**Task to carry out**
With pictures excluded, copy word for word the lines in the data below from the line containing "SAXX Underwear Non-Stop" through the line containing "princess storytime at".

**Records to use**
== Segment start ==
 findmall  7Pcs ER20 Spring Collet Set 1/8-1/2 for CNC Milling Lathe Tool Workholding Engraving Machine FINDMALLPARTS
== Segment end ==
== Segment start ==
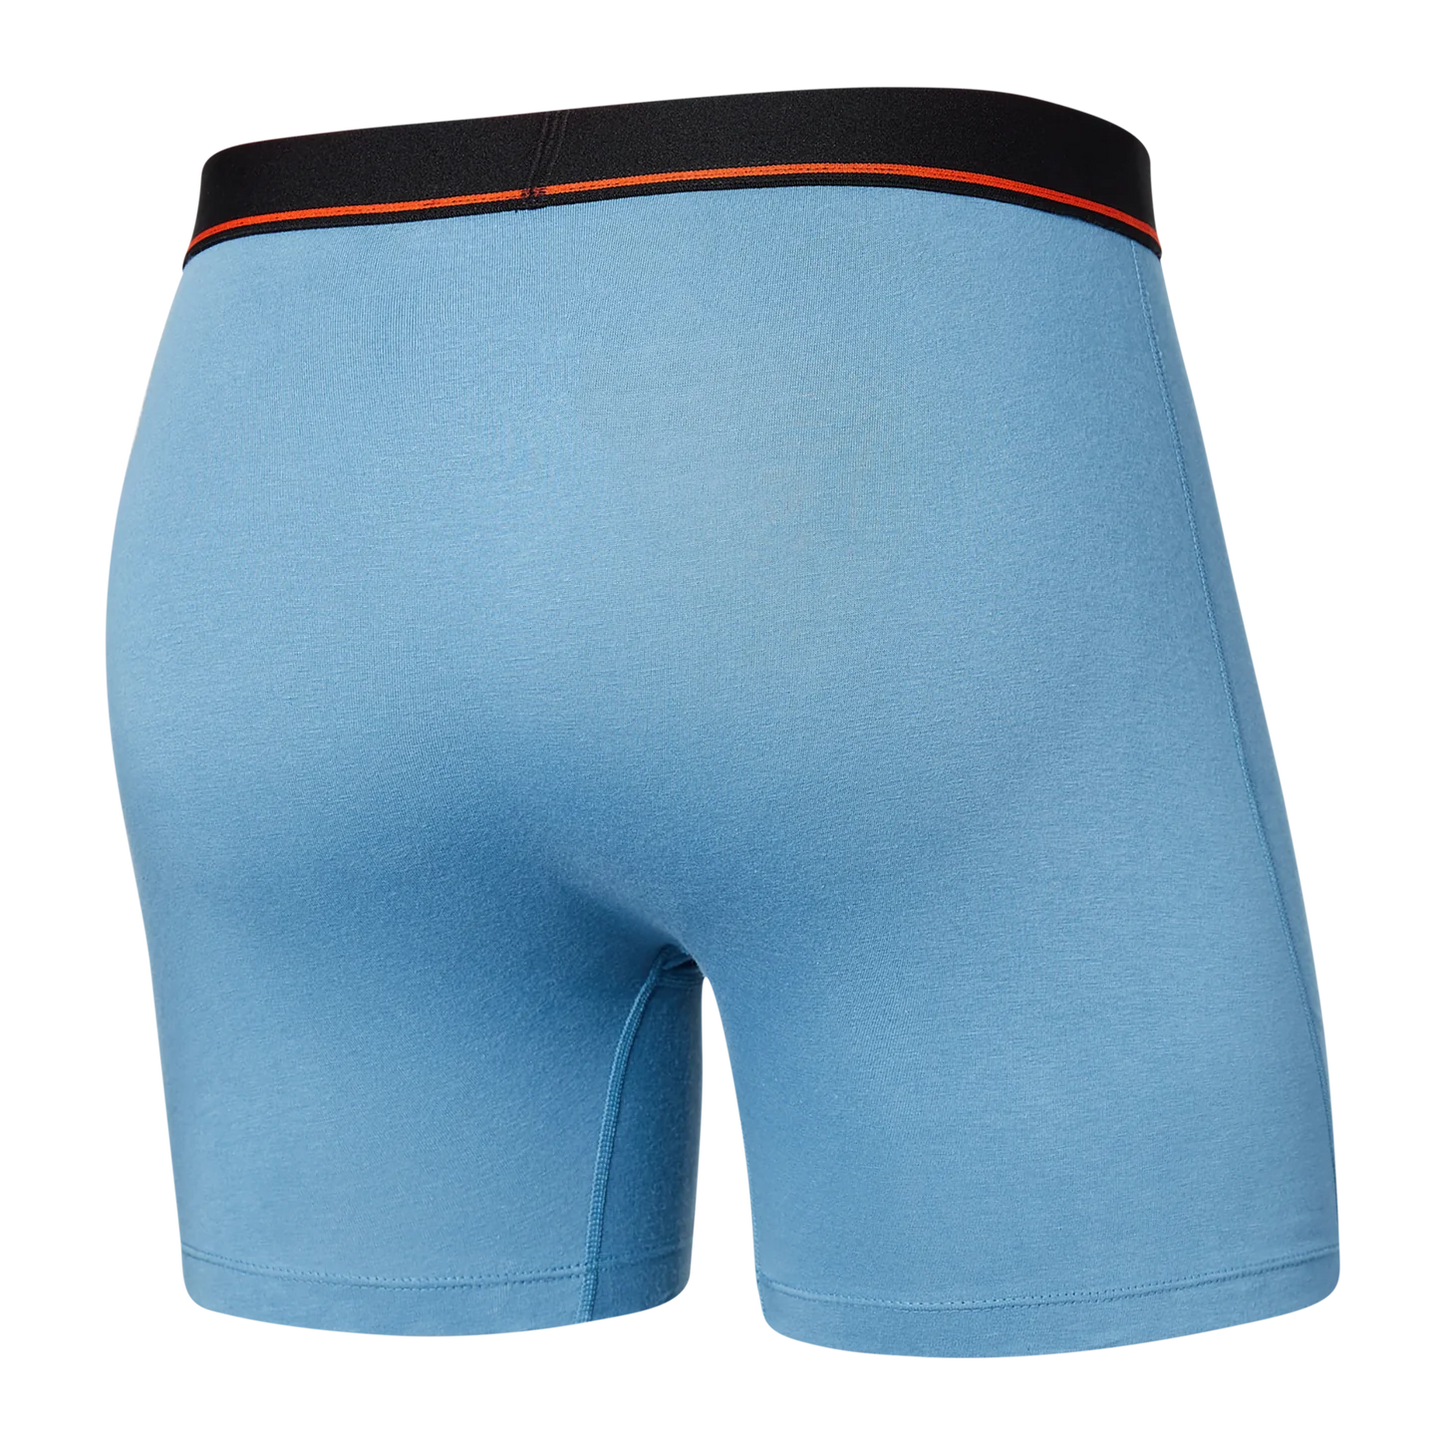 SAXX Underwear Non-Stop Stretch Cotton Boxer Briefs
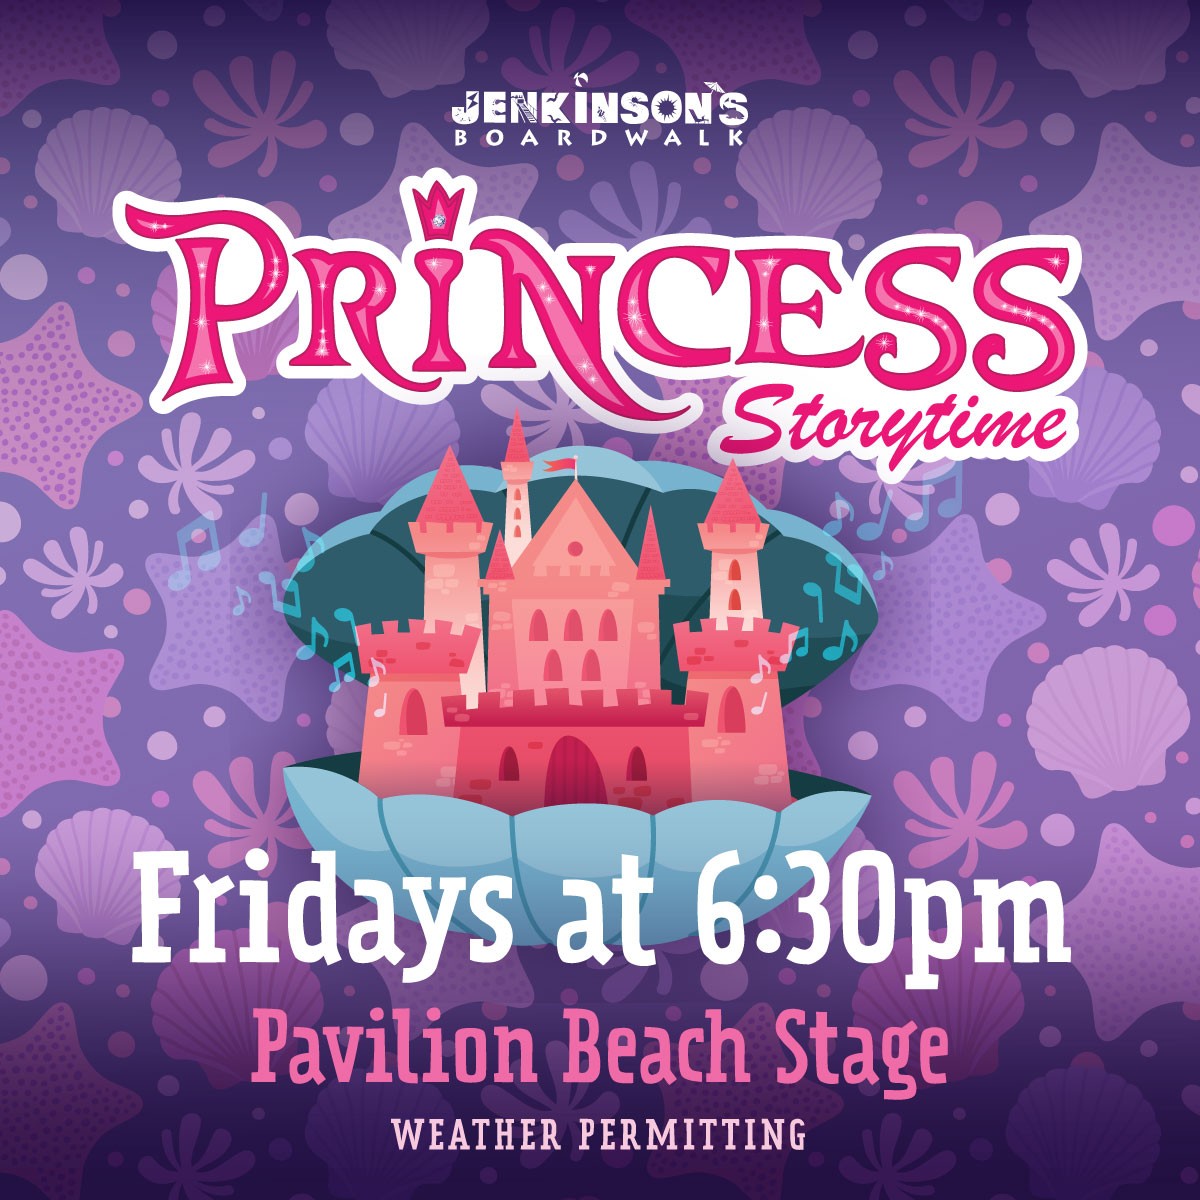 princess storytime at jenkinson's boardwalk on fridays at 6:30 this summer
== Segment end ==
**Response to this task**
 SAXX Underwear Non-Stop Stretch Cotton Boxer Briefs
 princess storytime at jenkinson's boardwalk on fridays at 6:30 this summer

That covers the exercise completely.